**What the task asks**:
In the listing below, find the line with "Domani_Print_Frontpage_Wenceslau_News_Design01" and the line with "df6cc943457b Fashion swag", then return them and every line between them exactly, minus the pictures.

*** Information provided Section Begins ***

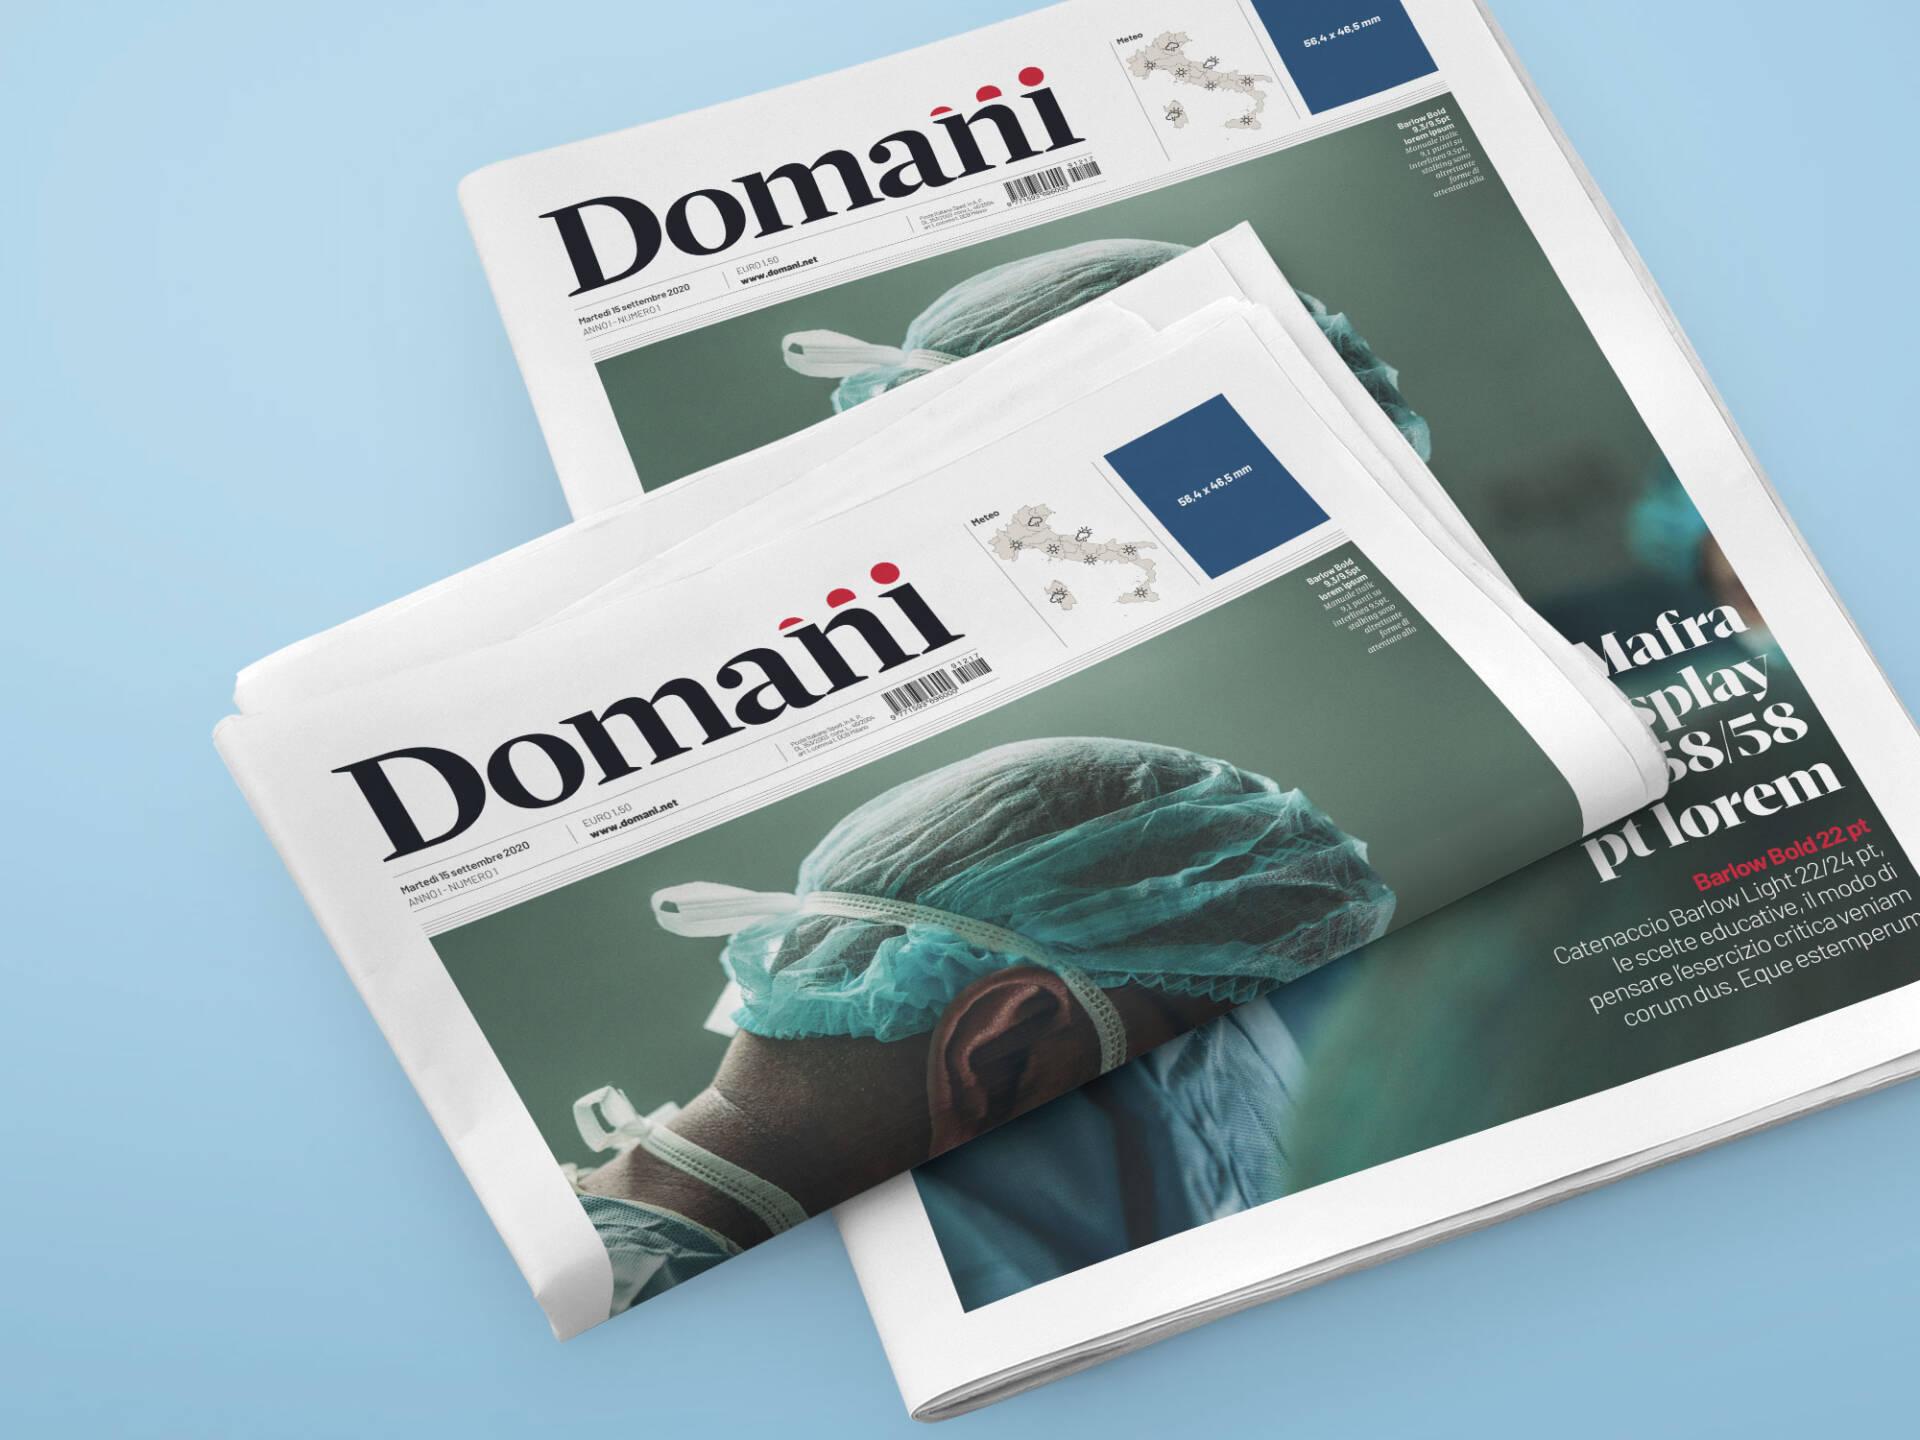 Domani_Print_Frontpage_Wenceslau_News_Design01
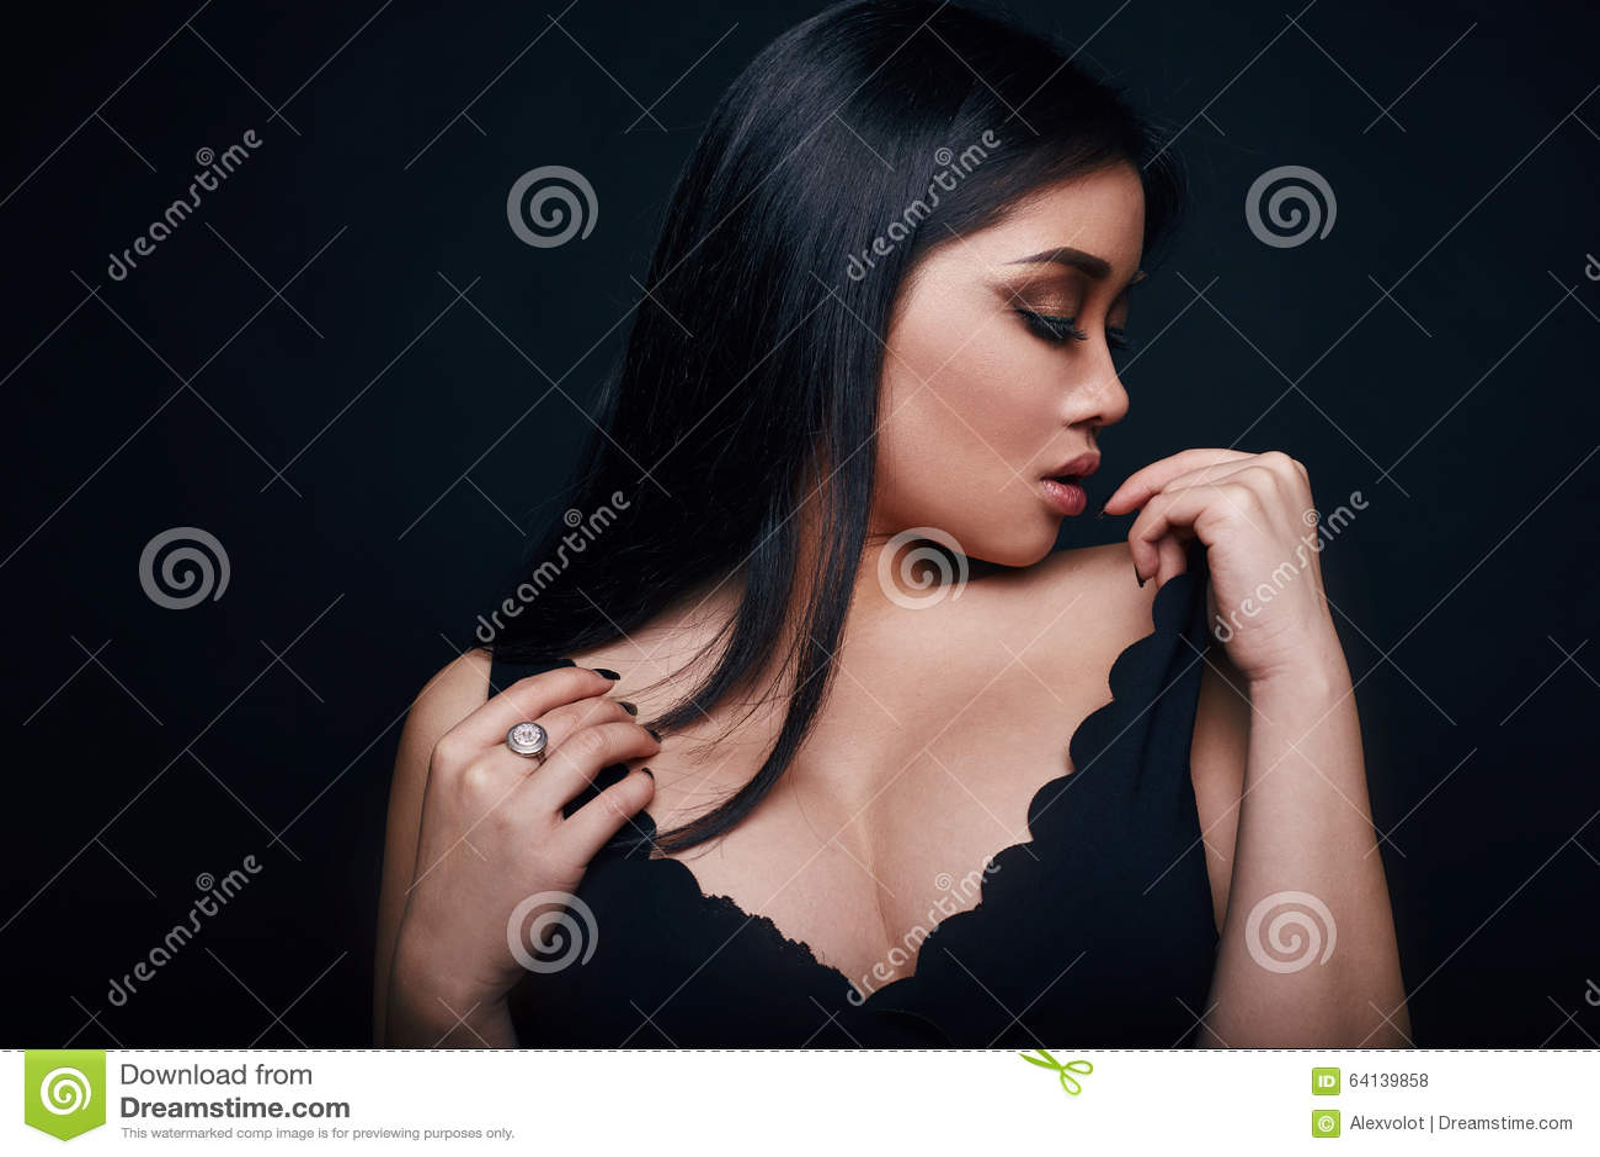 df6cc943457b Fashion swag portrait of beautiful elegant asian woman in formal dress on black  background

*** Information provided Section Ends ***
*** Information provided Section Begins ***

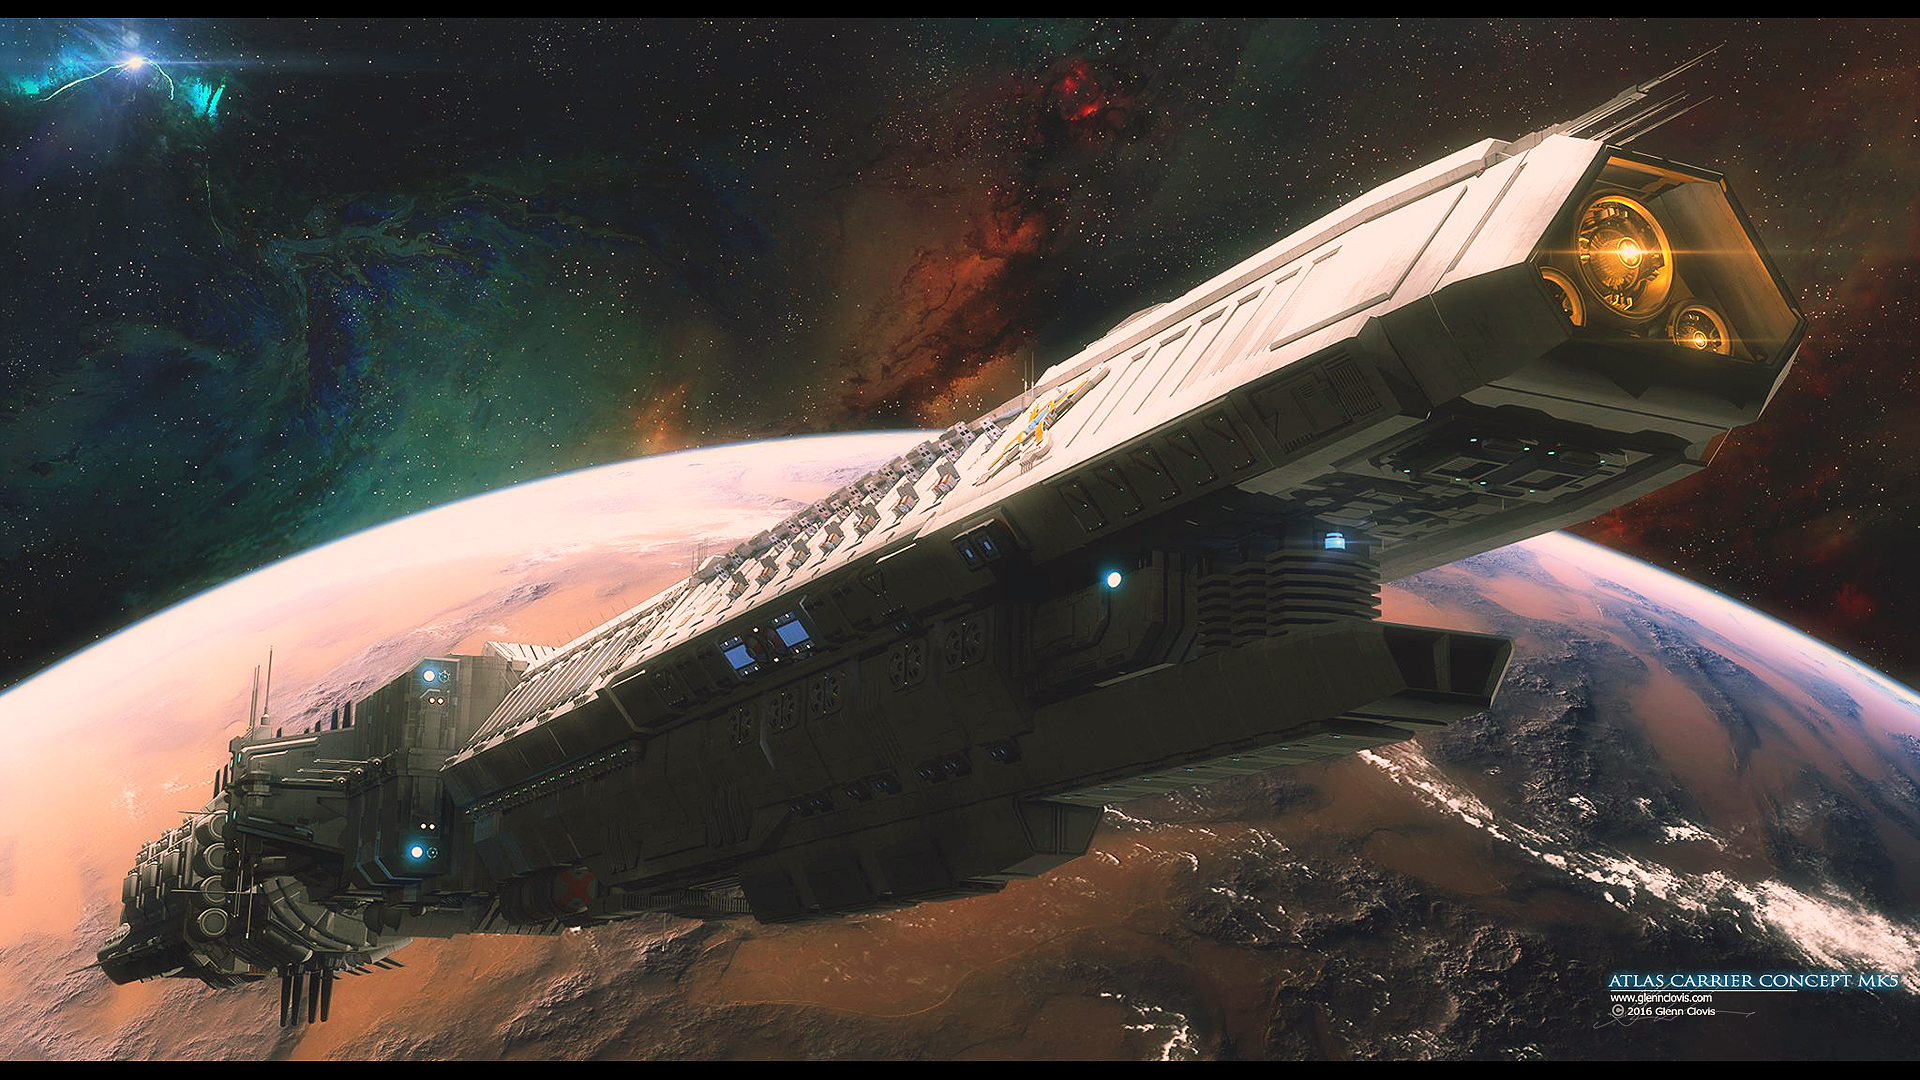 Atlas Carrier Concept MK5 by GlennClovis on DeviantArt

*** Information provided Section Ends ***
*** Information provided Section Begins ***

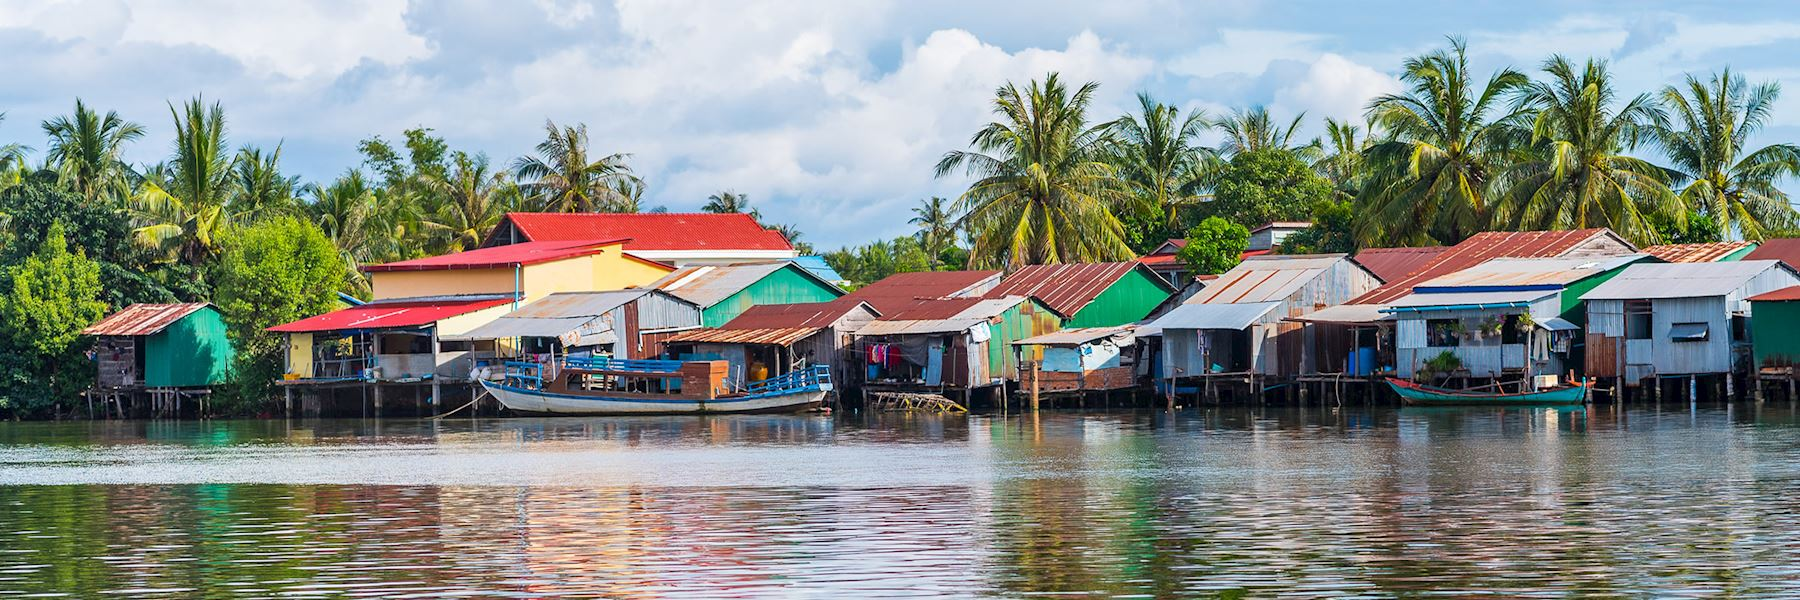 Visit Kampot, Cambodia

*** Information provided Section Ends ***

**Result of the exercise**:
 Domani_Print_Frontpage_Wenceslau_News_Design01
 df6cc943457b Fashion swag portrait of beautiful elegant asian woman in formal dress on black  background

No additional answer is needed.